Crawford Gardener Ballyntine Muir, better known as Jock to his friends and family, was born in Glasgow on April 1, 1919. Tragically his mother died during childbirth and his father, a coal merchant, passed away a few months later.

Jock was placed in an orphanage and ended up in a Christian Boys’ Home in Bournemouth where he was educated and brought up.

At the age of 15 he declined to take over his late father’s business in Glasgow and joined the army, serving heroically in the Royal Corps of Signals as a dispatch rider. Jock was posted to India and was in Singapore at the outbreak of the Second World War when the Japanese invaded.

Jock was imprisoned in Shanghai, where prisoners of war endured harsh treatment, before being moved to The Burma Railway, known as the Death Railway.

Forced labour was used in its construction and, of the 60,000 Allied prisoners who worked on the railway, 16,000 died as a direct result of the project.

Jock was placed at Hellfire Pass, a particularly difficult section of the line to build, and then on a section close to the Bridge over the River Kwai.

He returned to Singapore as the Allies forced the Japanese back and, at the end of the war, went back to India for rehabilitation and recovery, weighing less than six stone.

After being demobbed, Jock returned to live in Bournemouth and Southampton, working as a stoker on the Queen Mary liner for a few years and then on small coastal tankers.

Following many years at sea, he decided to come ashore, working first for Southern Railways and finally for the Royal Mail, retiring at the age of 65 when he moved back to Bournemouth.

Jock met Winifred Gouriet and they married in 1987. It was the first time Jock had a family of his own and he became a much-loved family figure and a great help to Win’s daughter Ann and his son-in-law Rob.
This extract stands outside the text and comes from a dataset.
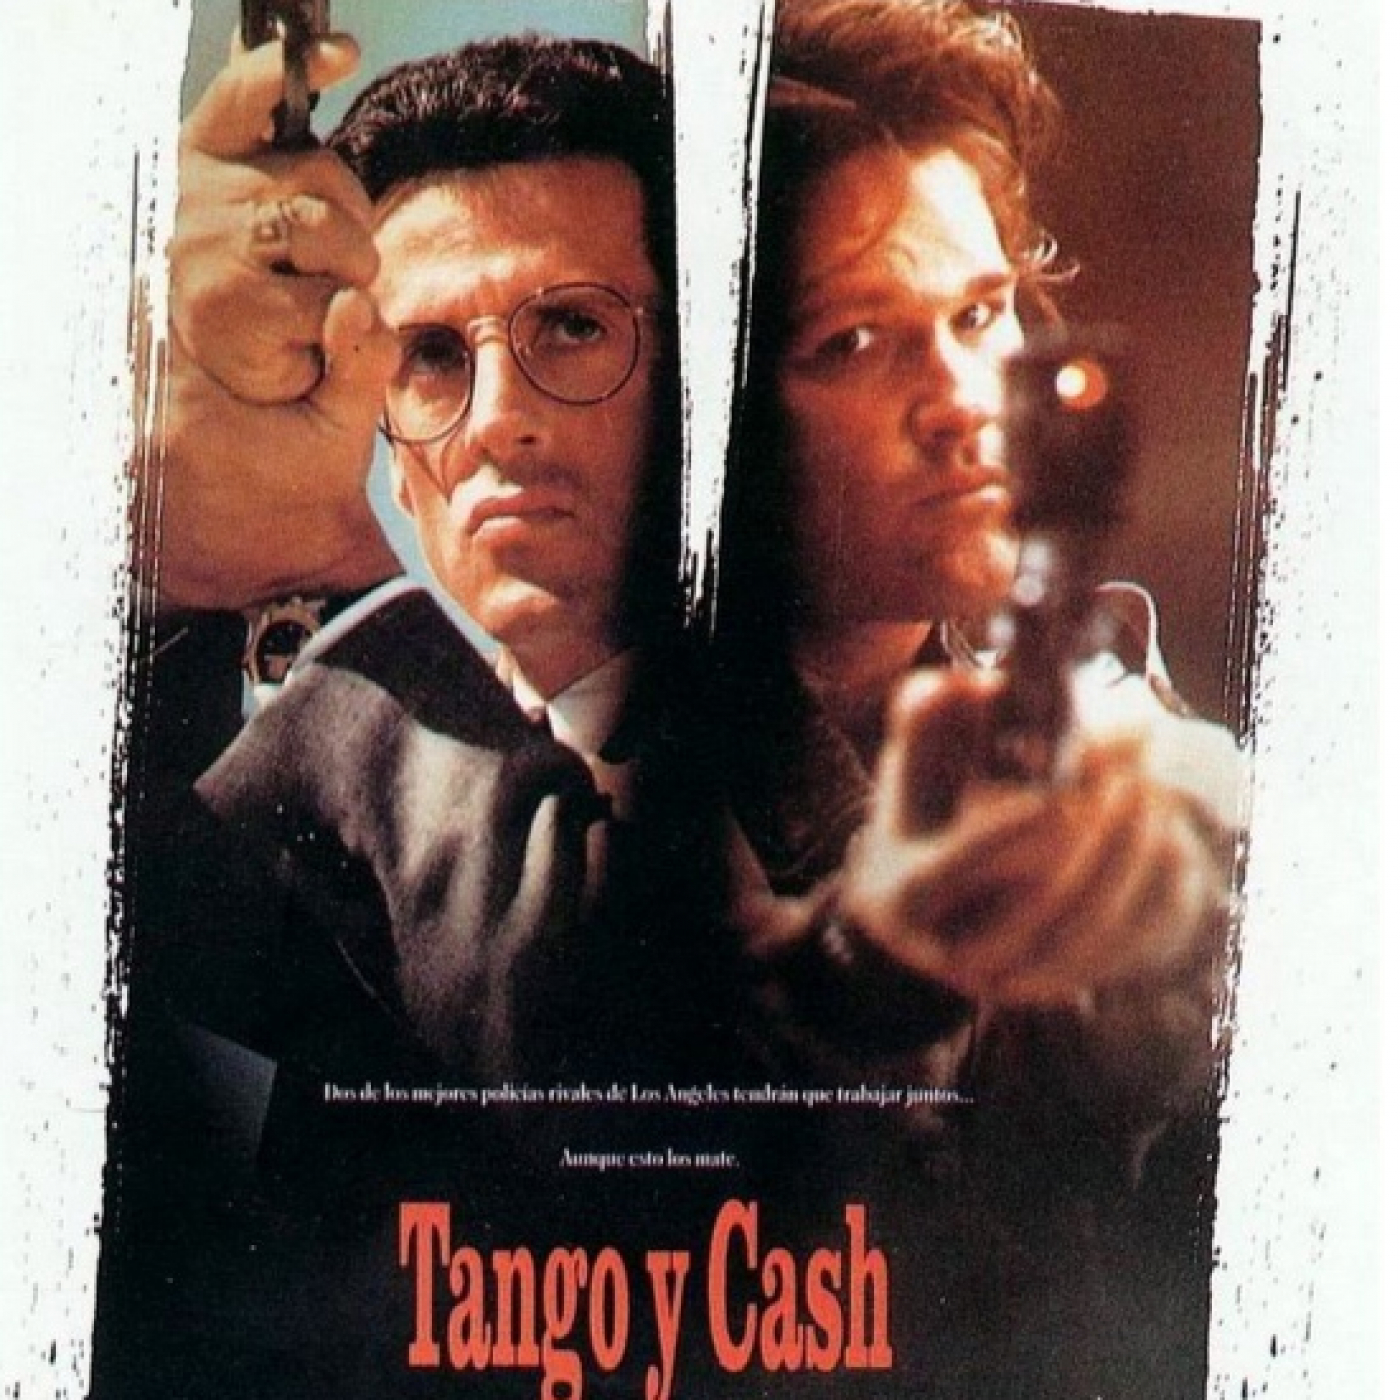 1x11.--Tango y Cash - 1989

Jock and Winifred lived happily for many years at the War Memorial Homes on Castle Lane where he was a popular figure and enjoyed a good sing-song.

Rob said: “A proud Scotsman, Jock loved nothing better than to stand up and sing ‘I Belong to Glasgow’, even though he had only lived there for six months or so! He was also a true gentleman.”

A member of Kinson Conservative Club, Jock will be sadly missed by his many friends and family who thanked the staff at Pinehurst rest home in Boscombe where he spent the last year of his life.

Jock’s funeral service took place at Bournemouth Crematorium on November 9.